Quel que soit le degré de conscience de l’individu prêté à l’individu quant aux dispositions qu’il peut mobiliser, soulignons que l’habitus demeure quand même rétif et résistant par disposition (pour ne pas dire naturellement). Et c’est sans doute cela qui vaut à Bourdieu d’être assimilé à un penseur de la reproduction (sans compter les effets néfastes car réducteurs d’une pensée riche mais complexe et sans doute un peu difficile d’accès, engendrés par les titres parfois provocateurs de certains de ses ouvrages comme Les Héritiers, 1964 (avec Passeron) ; La Reproduction, 1970 (avec Passeron) ou La Noblesse d’Etat, 1989). L’habitus possède la caractéristique de se protéger et de se préserver.
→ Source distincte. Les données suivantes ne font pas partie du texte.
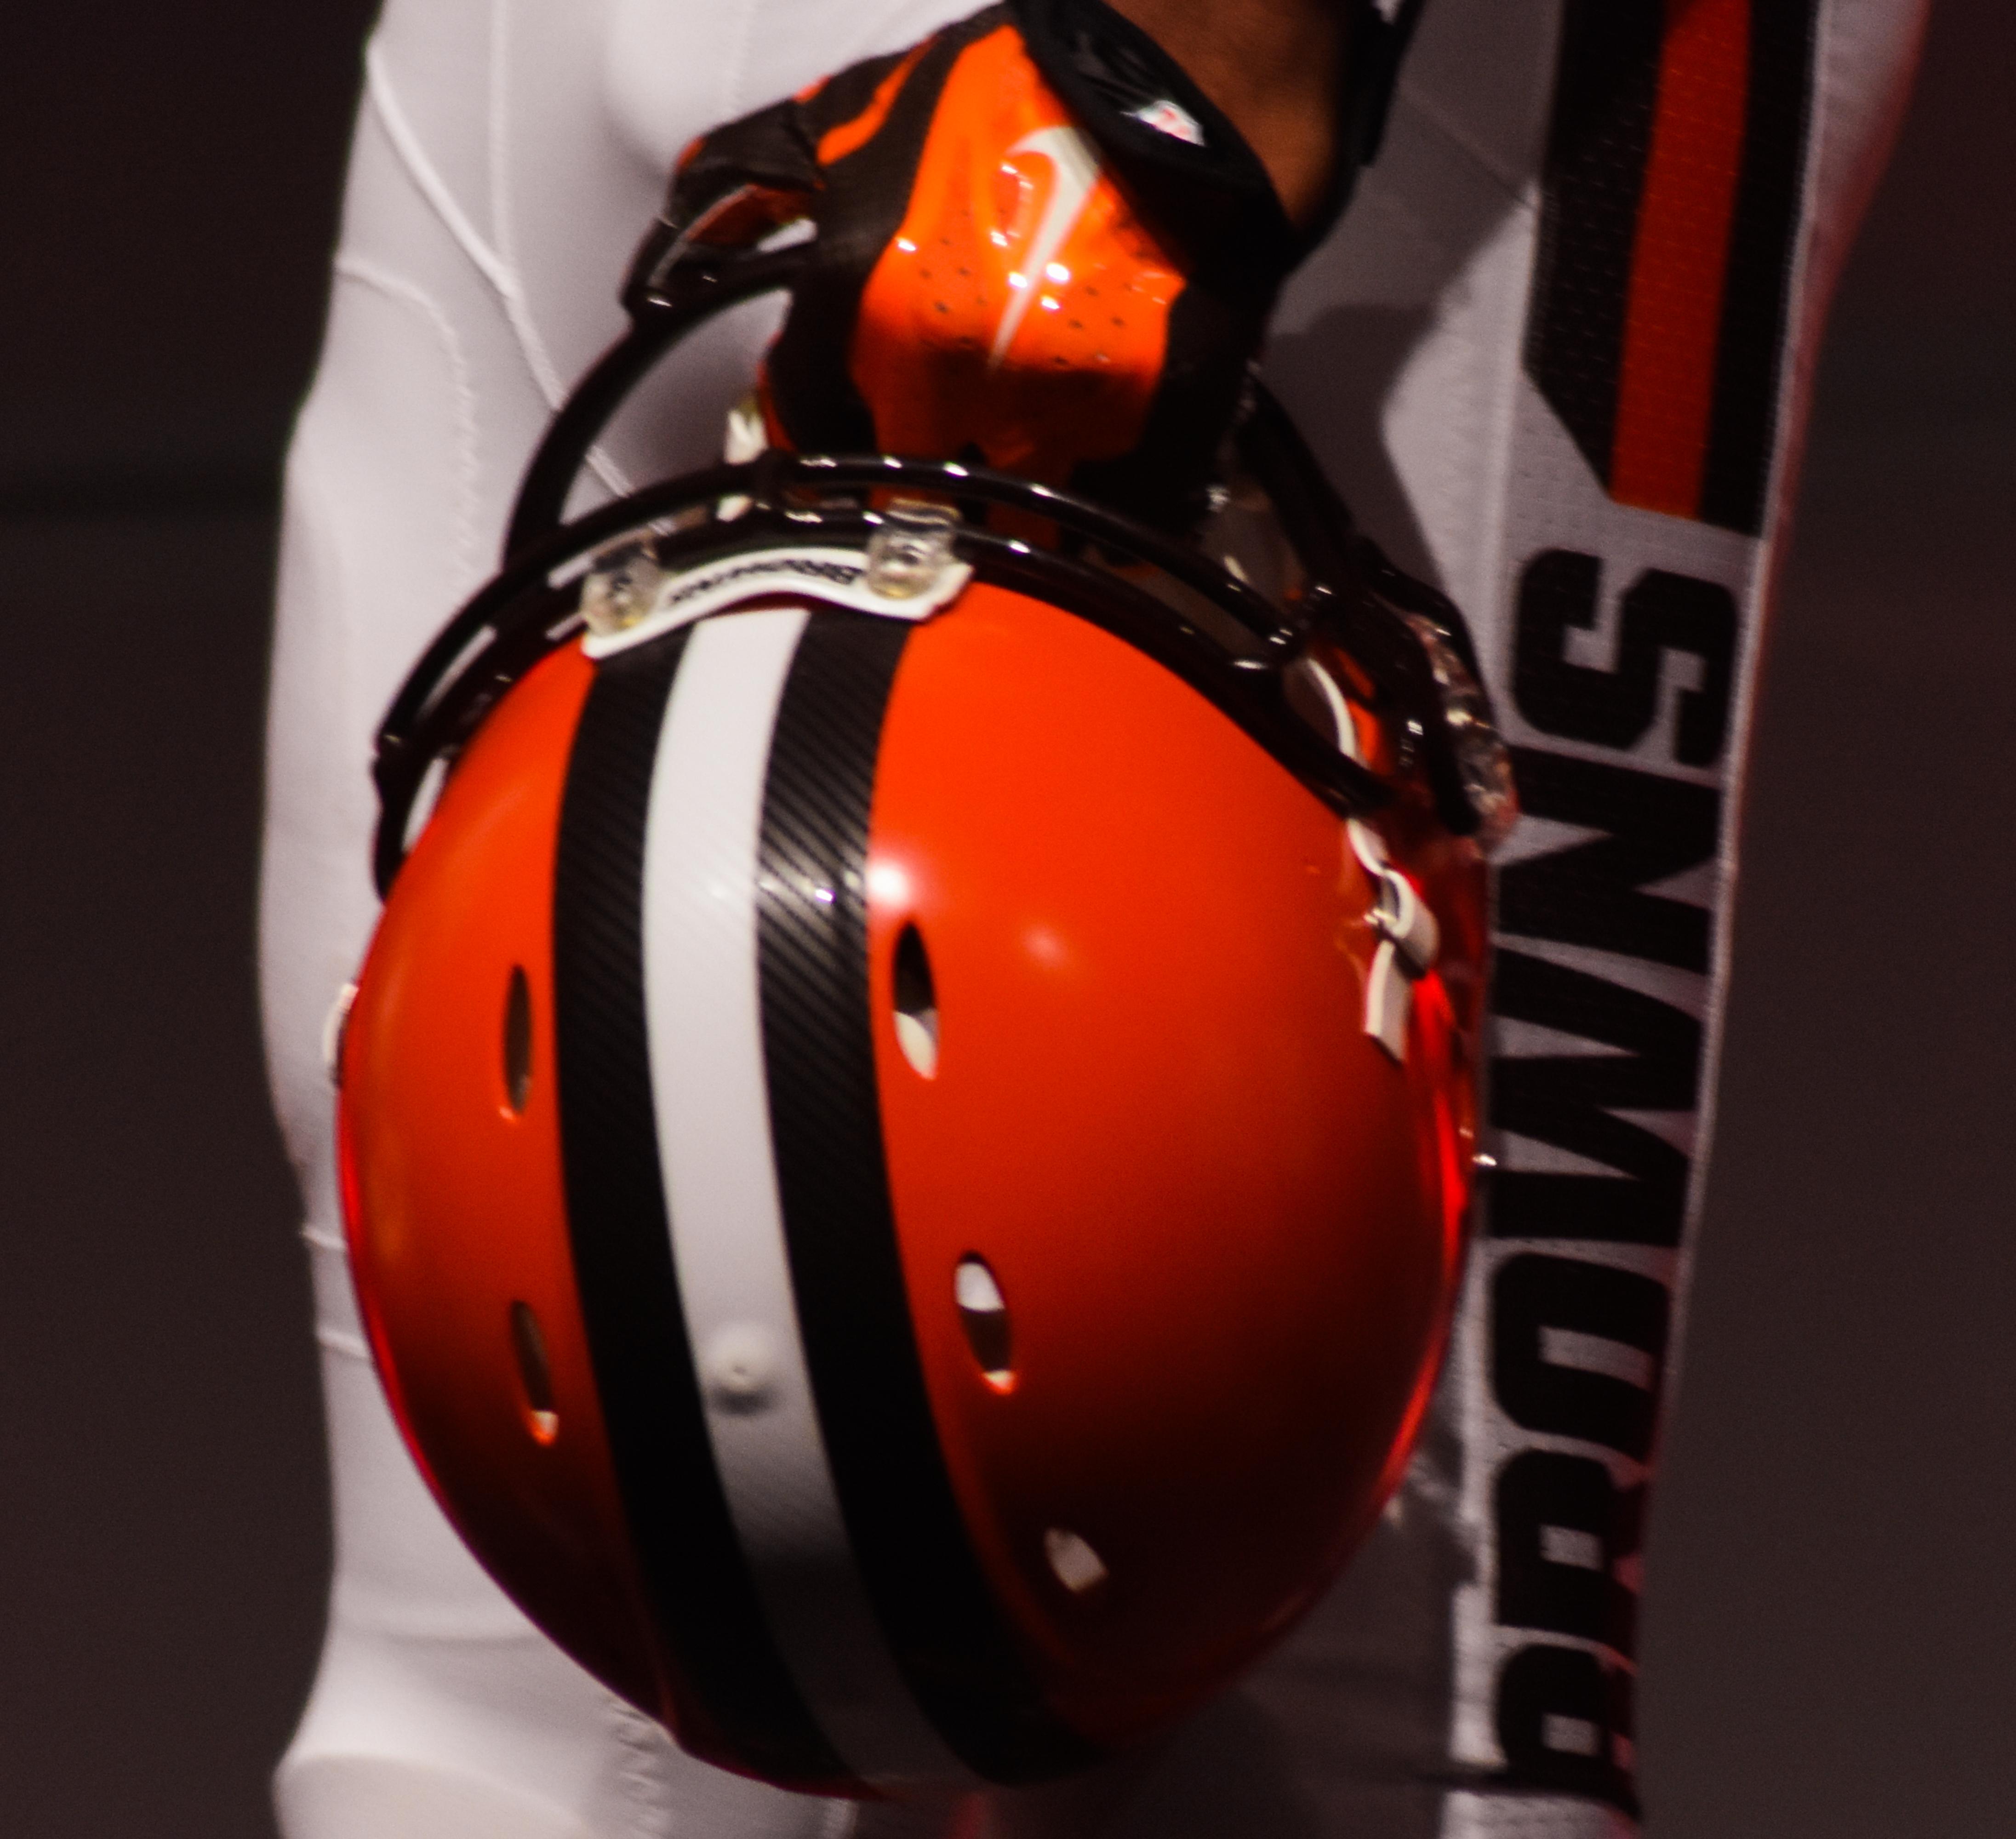 2015 Cleveland Browns season - Wikipedia, the free encyclopedia

Sous ce rapport il fonctionne selon un principe « unificateur ». Les expériences premières (ou les conditions sociales originelles) au principe de la formation des structures générant les préférences - constitutives de l’habitus - forment un système de catégories de perception et d’appréciation (des « schèmes ») particulièrement sélectif qui tend à privilégier la reconnaissance de ce qui est « proche » ou « déjà vécu » et à tenir à distance ou à rejeter ce qui est nouveau ou ce qui met en question le système d’expérience premier. Un peu comme les psychologues proposent d’expliquer la réduction de la dissonance cognitive par l’oubli de ce qui ne cadre pas avec les acquisitions antérieures, processus dit de rationalisation (Festinger, 1957). Ainsi, l’habitus « se met à l’abri des crises et des mises en question critiques […]. Il assure sa propre constance et sa propre défense contre le changement à travers la sélection qu’il opère entre les informations nouvelles, en rejetant, en cas d’exposition fortuite ou forcée, les informations capables de mettre en

question l’information accumulée et surtout en défavorisant l’exposition à de telles informations » (Bourdieu, 1980 : 90-91, 100-102). Par ce biais, l’habitus assure le maintien et la régularité des conduites, c’est en ce sens qu’il est unificateur.